Ratio: one number divided by another, typically capturing a relative measure, such as prevalence ratio, odds ratio, and hazard ratio.
Both a prevalence ratio and an odds ratio can be interpreted qualitatively as indicating that one event is more or less likely than another event. Only a prevalence ratio can be interpreted quantitatively as “Event X is 1.2 times more likely than event Y.” An odds ratio must be interpreted as”Event X has 1.2 times the odds of event Y.”
With odds ratios, it is acceptable to provide a qualitative interpretation of “more likely than” (if the OR > 1) or “less likely than” (if the OR < 1). It is incorrect, however, to provide a quantitative interpretation of an OR using the word “likely”. For example, an OR of 1.3 does not mean that some event is 30% more likely than the contrasting event; rather, it means that the event has 30% greater odds. In limited circumstances, especially with rare events, an OR may be interpreted as approximating a prevalence ratio. When this is done, the approximating interpretation should be explicitly acknowledged. “Because cancer X is rare, we may interpret the OR of 1.04 from our case-control study as indicating that event A occurs about 4% more often [or was about 4% more likely] than event B.”

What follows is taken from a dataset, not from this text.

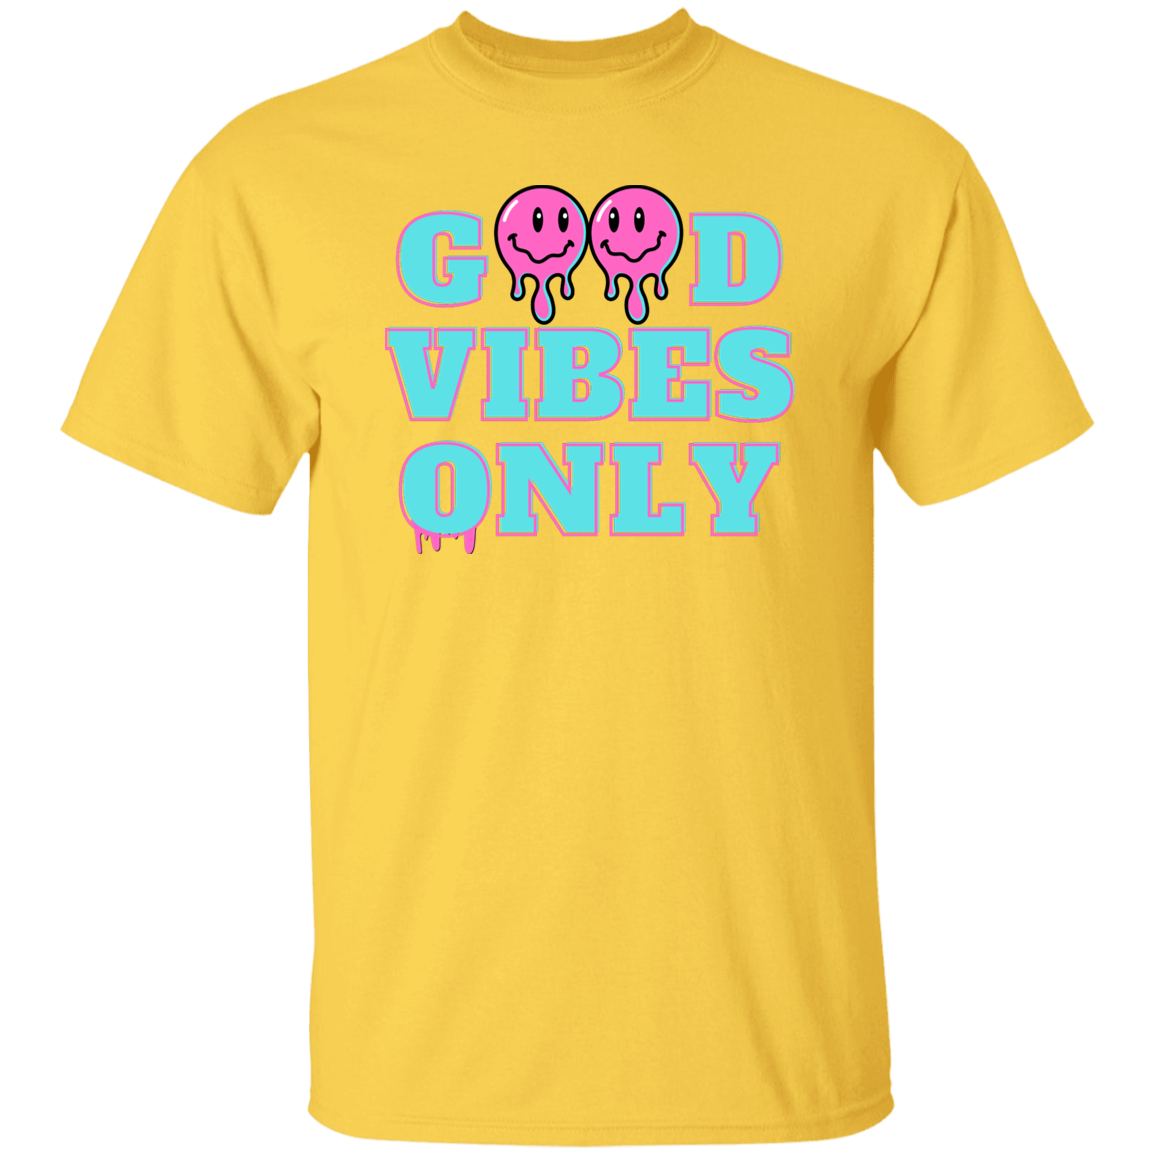 Sólo buenas vibraciones - Camiseta unisex

Where analysis compares quantities, it is best to present differences or ratios directly, even if the components being compared are also presented. The practical significance of a result typically pertains to these quantified contrasts moreso than the values being compared.
Adopt terminology that is unambiguous. The terms “risk ratio” and “relative risk” can be used for several kinds of ratios. A more specific term should be used, such as “prevalence ratio” or “hazard ratio”, where such usage aids clarity.
5.4 Adjust quantities: standardization and regression models
Principles:
- Standardization methods should indicate, and ideally justify, the reference population or distribution used for standardization. In 1998, the Department of Health and Human Services issued a policy (HHS policy for changing the population standard for age adjusting death rates 1998) directing that “the population standard used for age adjusting death rates [be] the year 2000 projected population.”
- Each type of regression model should be sufficiently described and justified. Details might include model form and family (e.g., linear, logistic, loglinear; Gaussian, Poisson, negative binomial), important variations in curve types (e.g., linear, quadratic, joinpoint, segmented, and fractional polynomials), extensions to handle correlation (e.g., generalized estimating equations [GEE] or mixed-effects models, along with their clustering factors and correlation or covariance structures), or other salient features and underlying assumptions.
Observations:
- Many reports in this review standardize mortality and other measures to the age distribution of the 2000 Census (e.g., mm7034e5 (Griffin et al. 2021), mm7037e1 (Scobie et al. 2021), m7041a2); this method is called indirect standardization. In contrast, report mm6911a5 (Schieber et al. 2020) standardized to each of 11 specific years (2008-2018) and report mm7043e2 (Xu et al. 2021) standardized to an internal distribution, called direct standardization.
- A large proportion of the reports that are reviewed here present regression models. Reports generally adequately describe values that are standardized (as in the previous observation) or adjusted through a regression model. Model-based results typically include only elements of focus (outcome and a few predictors or covariates), commenting on ancillary covariates but not tabulating them; this is consistent with preferred practice for selectively repeating only a subset of tabulated values in narrative text. When both unadjusted and adjusted values are presented, reports generally adequately describe them.
Recommendations:
- When standardizing ratios or rates, the reference population should be stated and justified explicitly.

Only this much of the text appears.